• **Instructions to follow**: Set down each line of the material that follows exactly, and leave its pictures out.

==== Provided material

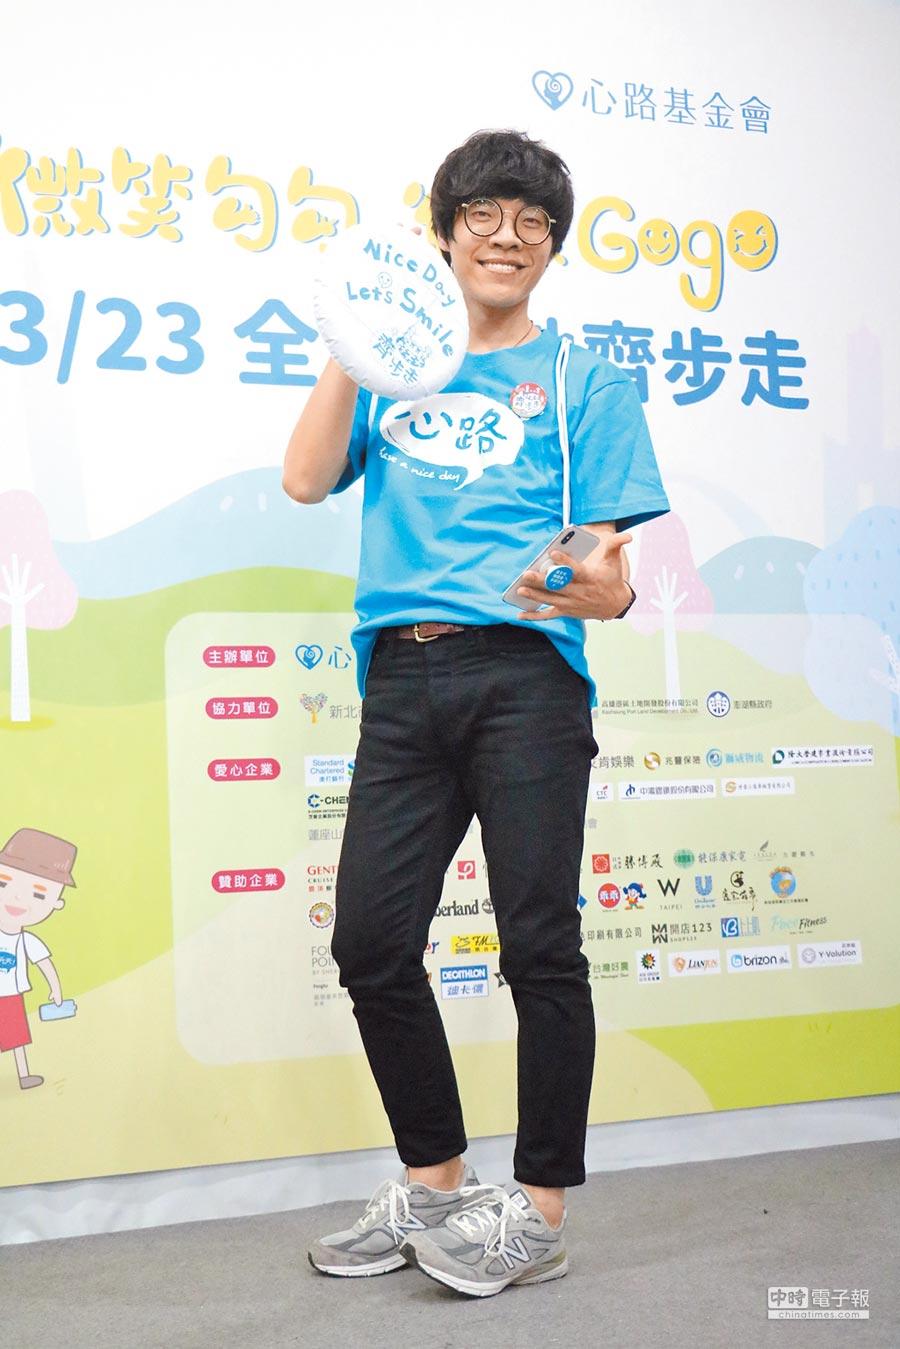 盧廣仲呼籲打造友善環境,支持障礙者參與社會。
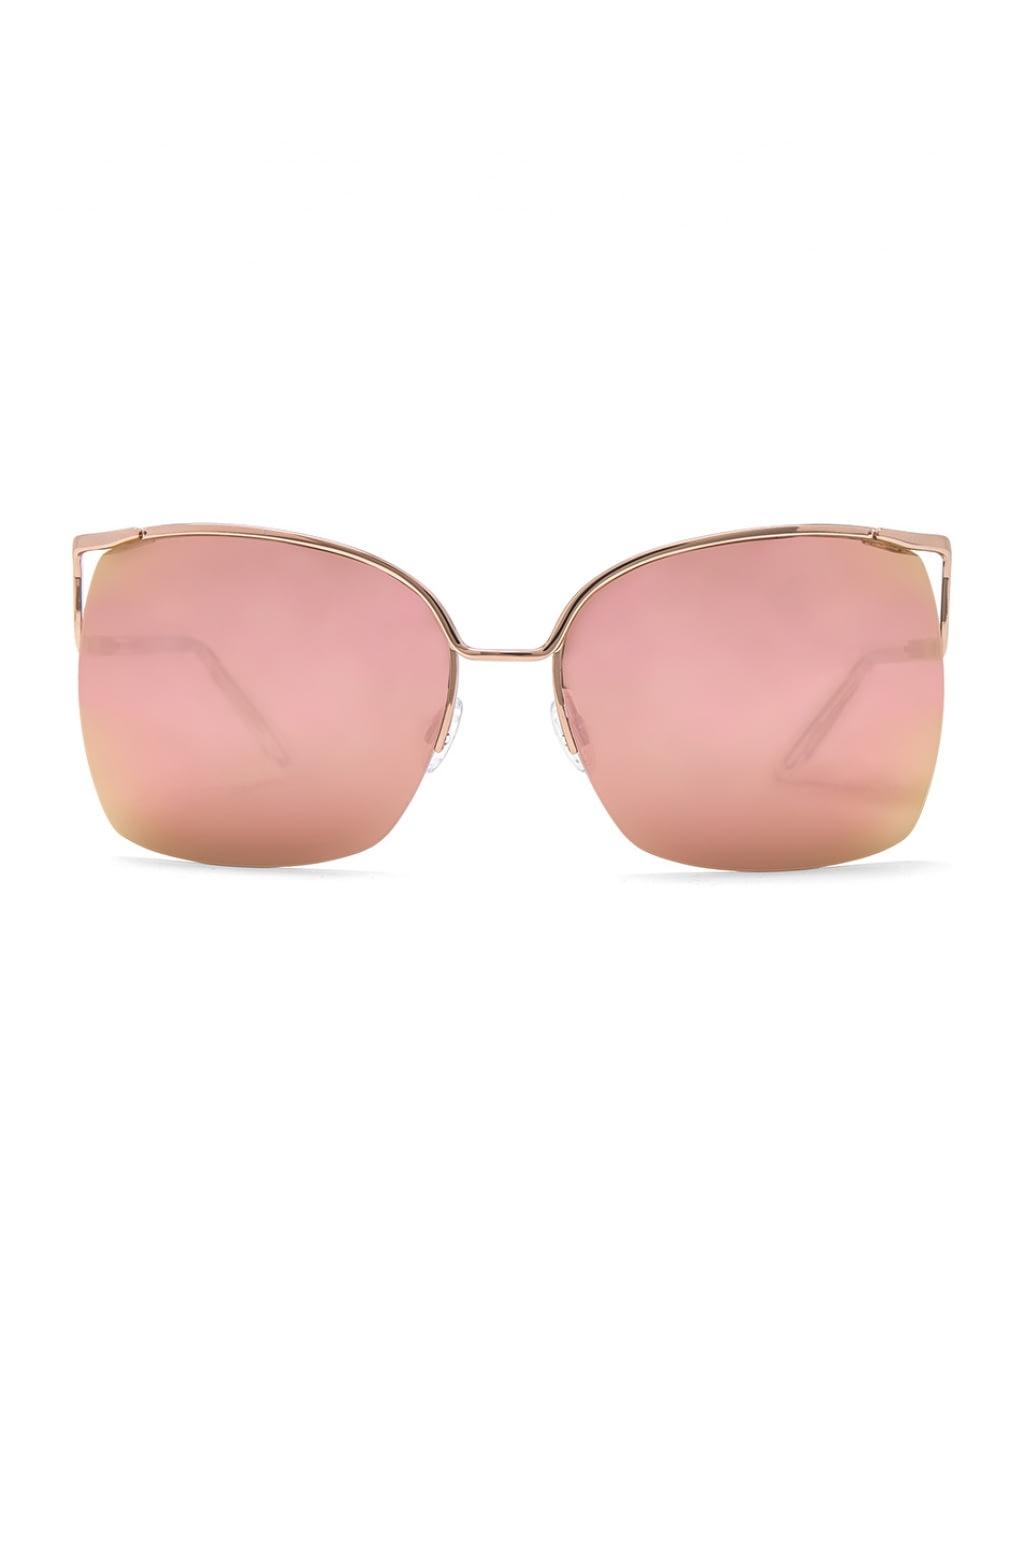 ed2b78cfea Barton Perreira Satdha Sunglasses · Barton Perreira Satdha Sunglasses ...
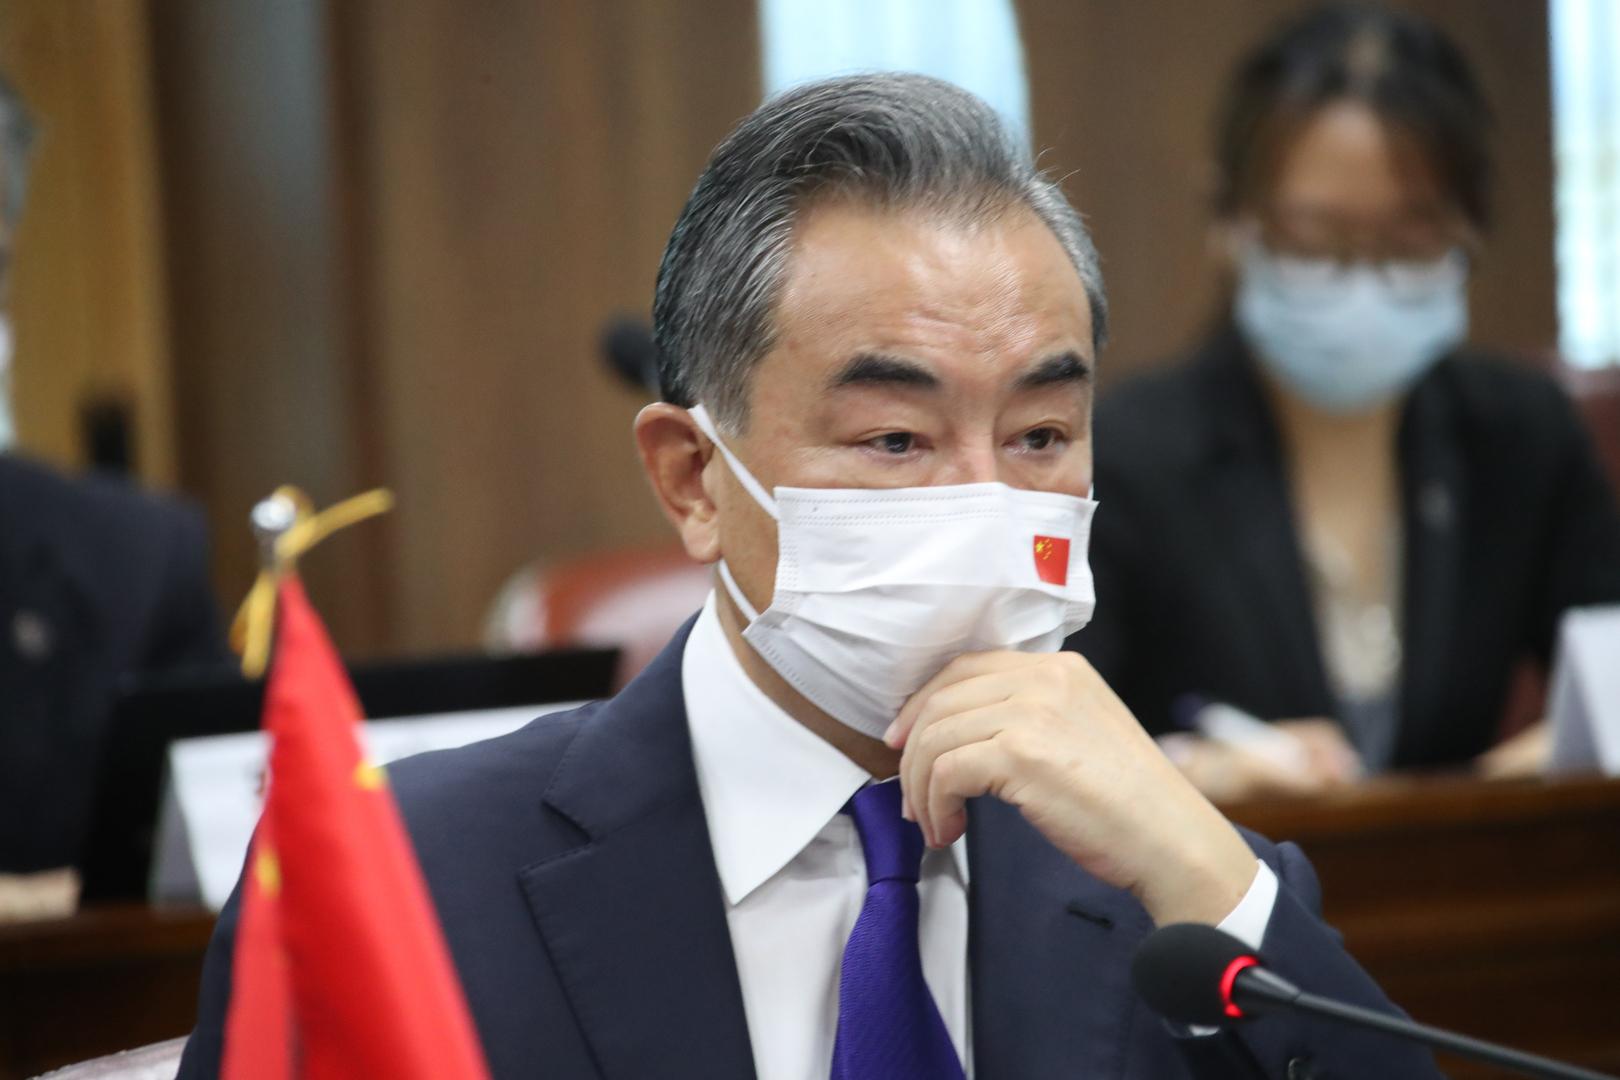 الصين: على الولايات المتحدة أن تتحمل المسؤولية عن إعادة إعمار أفغانستان

========

• **Result below**:
 盧廣仲呼籲打造友善環境,支持障礙者參與社會。
 ed2b78cfea Barton Perreira Satdha Sunglasses · Barton Perreira Satdha Sunglasses ...
 الصين: على الولايات المتحدة أن تتحمل المسؤولية عن إعادة إعمار أفغانستان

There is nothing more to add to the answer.